Of octogonal form, decorated after the Dutch artist Cornelis Pronk’s design with the classic topiary garden scene, the border with cartouches of moths, butterflies, flowers and fruits.
A pair of Chinese famille rose Pronk “Arbor” salt cellars are in the collection of the Dallas Museum of Art (The Wendy and Emery Reves Collection (1985.R.886.1).
Dr. Christiaan J. A. Jörg, Pronk Porselein, porcelain after designs by Cornelis Pronk, Groningen, Netherlands: Groninger Museum, 1980, pp. 34/37 and pp. 80/81.

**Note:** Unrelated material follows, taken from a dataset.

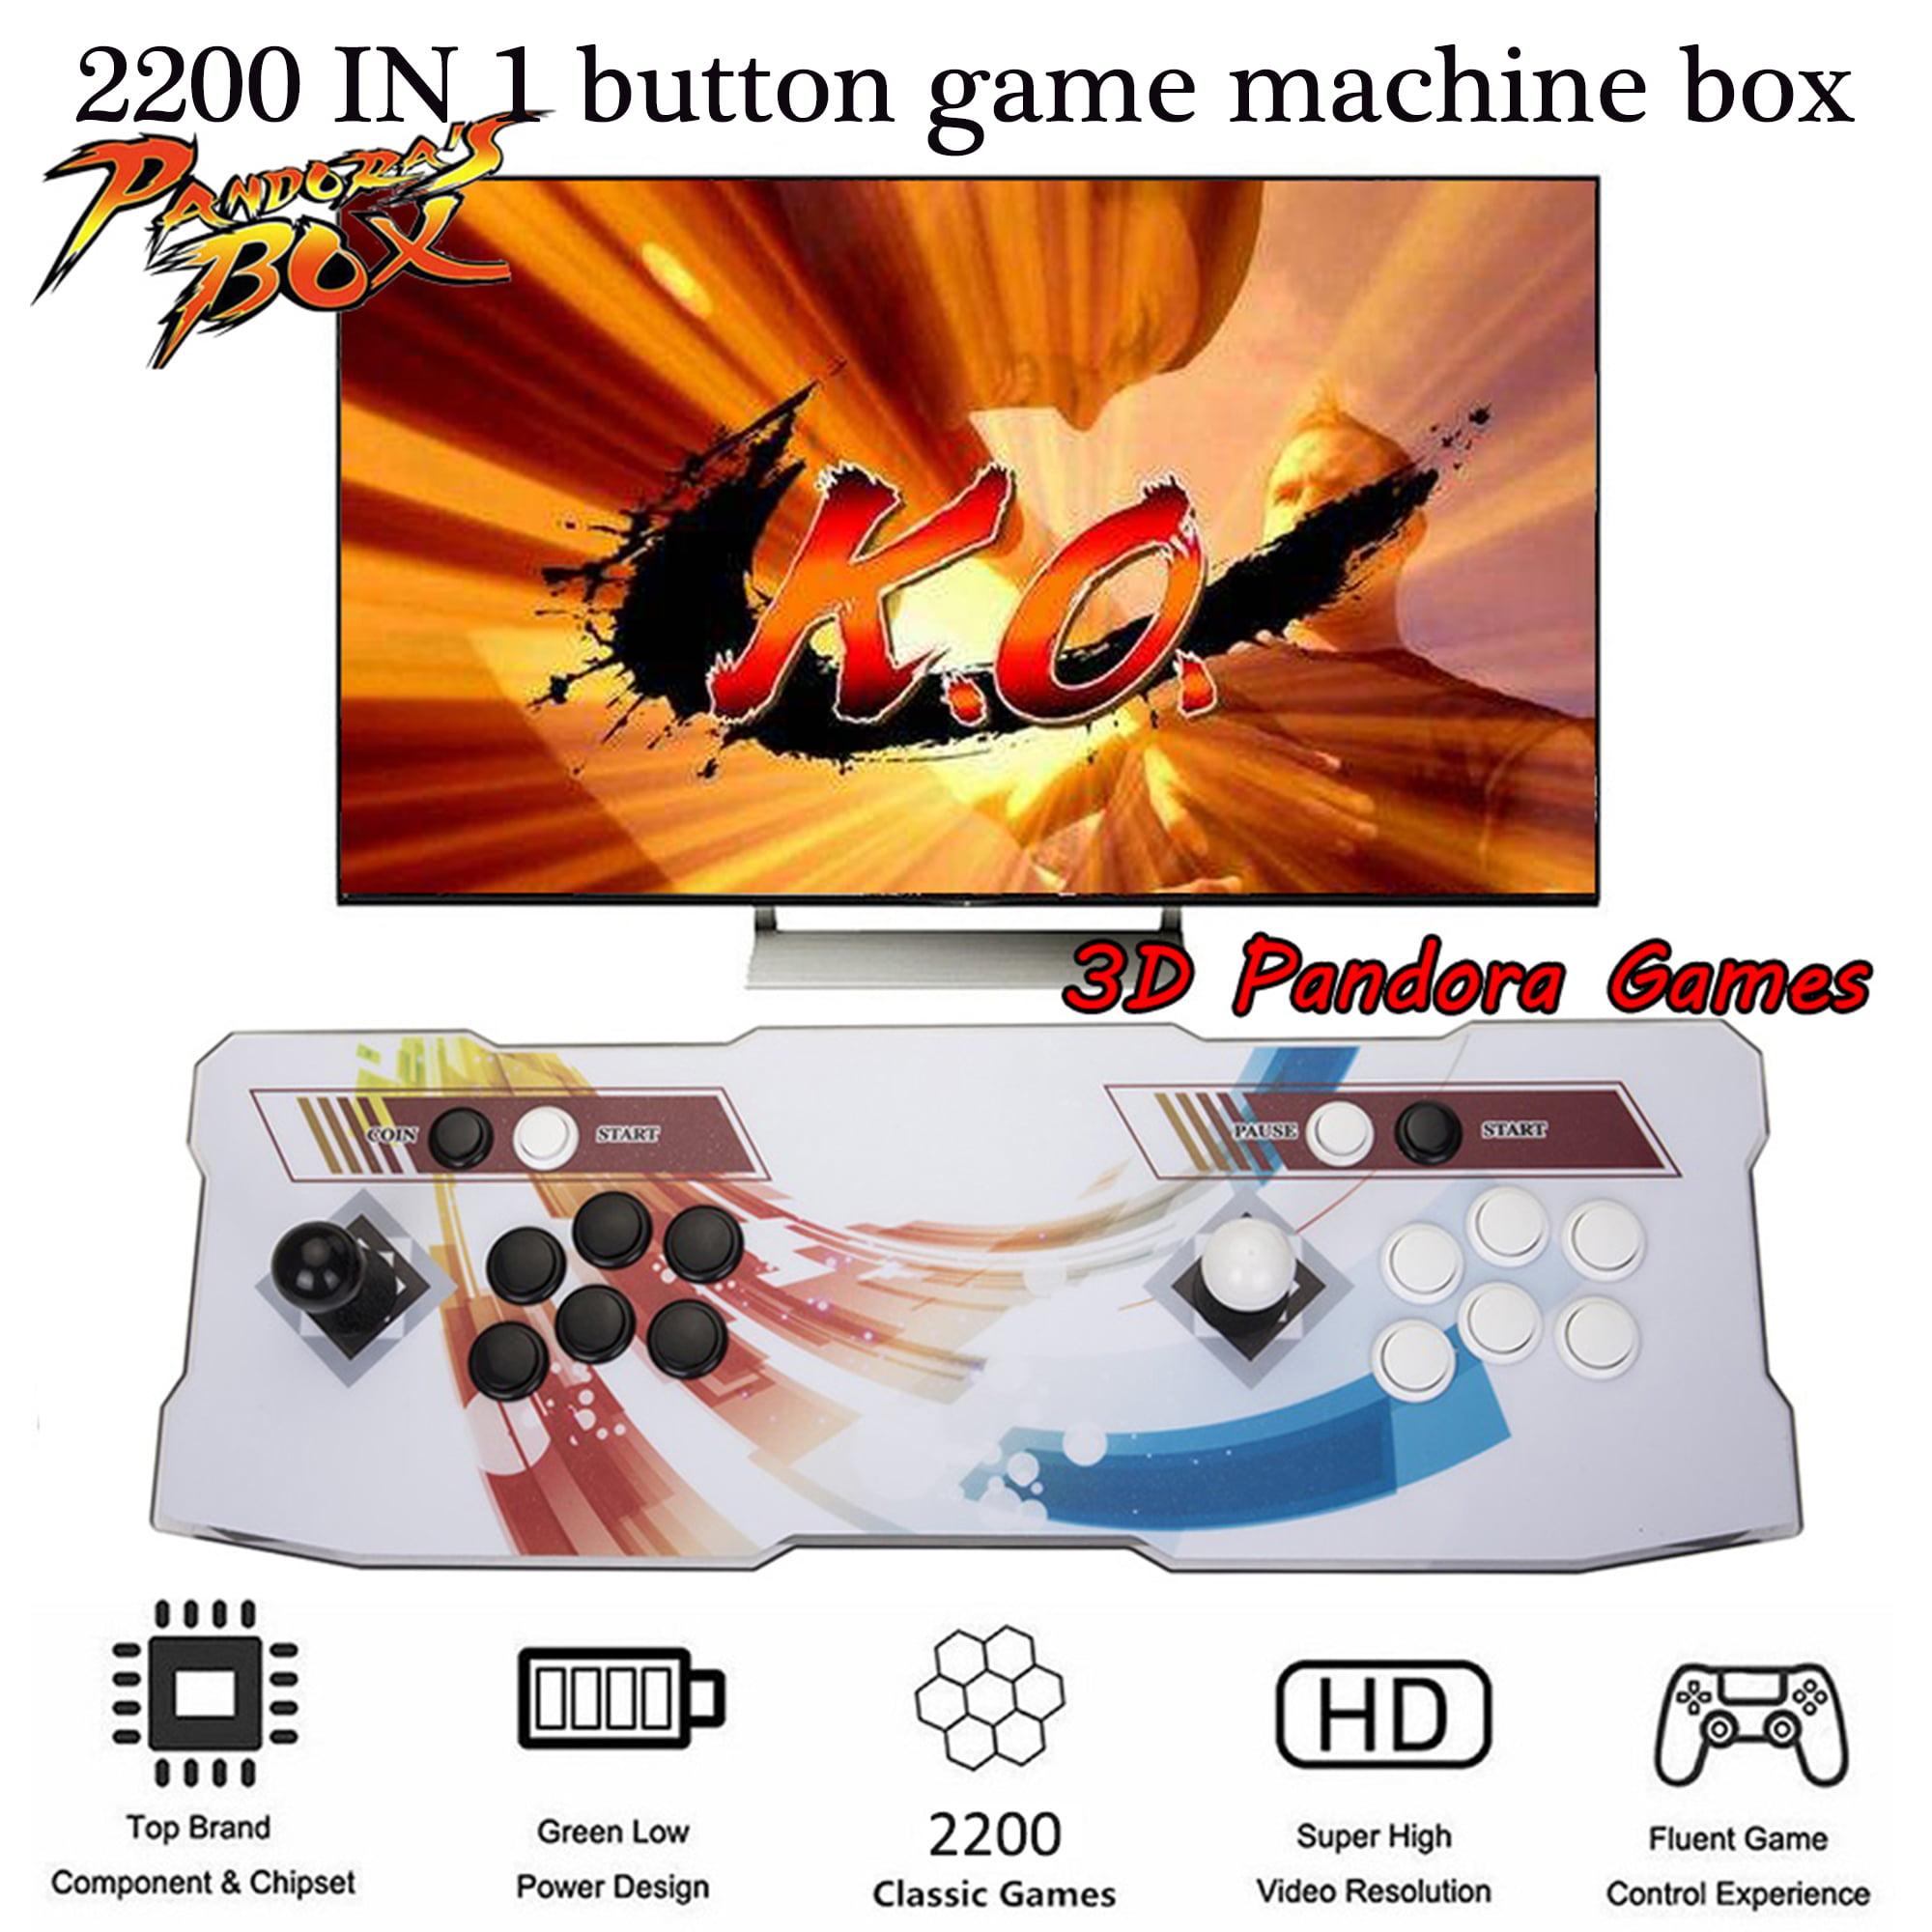 NK 3D Pandora Arcade Game Console 2200 IN 1 HD Retro Games Multiplayer Home Players Joystick Arcade Machine

According to Christiaan Jörg, the decoration on this pieces corresponds to the fourth and last of Cornelis Pronk’s designs for the Dutch East India Company, The Arbour, finished in 1737, sent to Batavia en 1738, and received in Guangzhou in 1739. Chinese potters made six dinner services comprising 371 pieces, and eighteen tea sets using this design, painted both in underglaze blue and polychrome enamels and sent to Holland in 1740.
The insects are taken from a Maria Sybilla Merian’s Eruvarum Ortus, published in full in 1718, and in an enlarged Dutch edition, European Insects, 1730.
The arbour in this design is a topiary version of an architectural garden arch, a decidedly western form. In 1730, Pronk executed a watercolor of such a structure, which he based on the Cholon pavilion in the park that surrounds Bosh en Hove, an estate near Haarlem.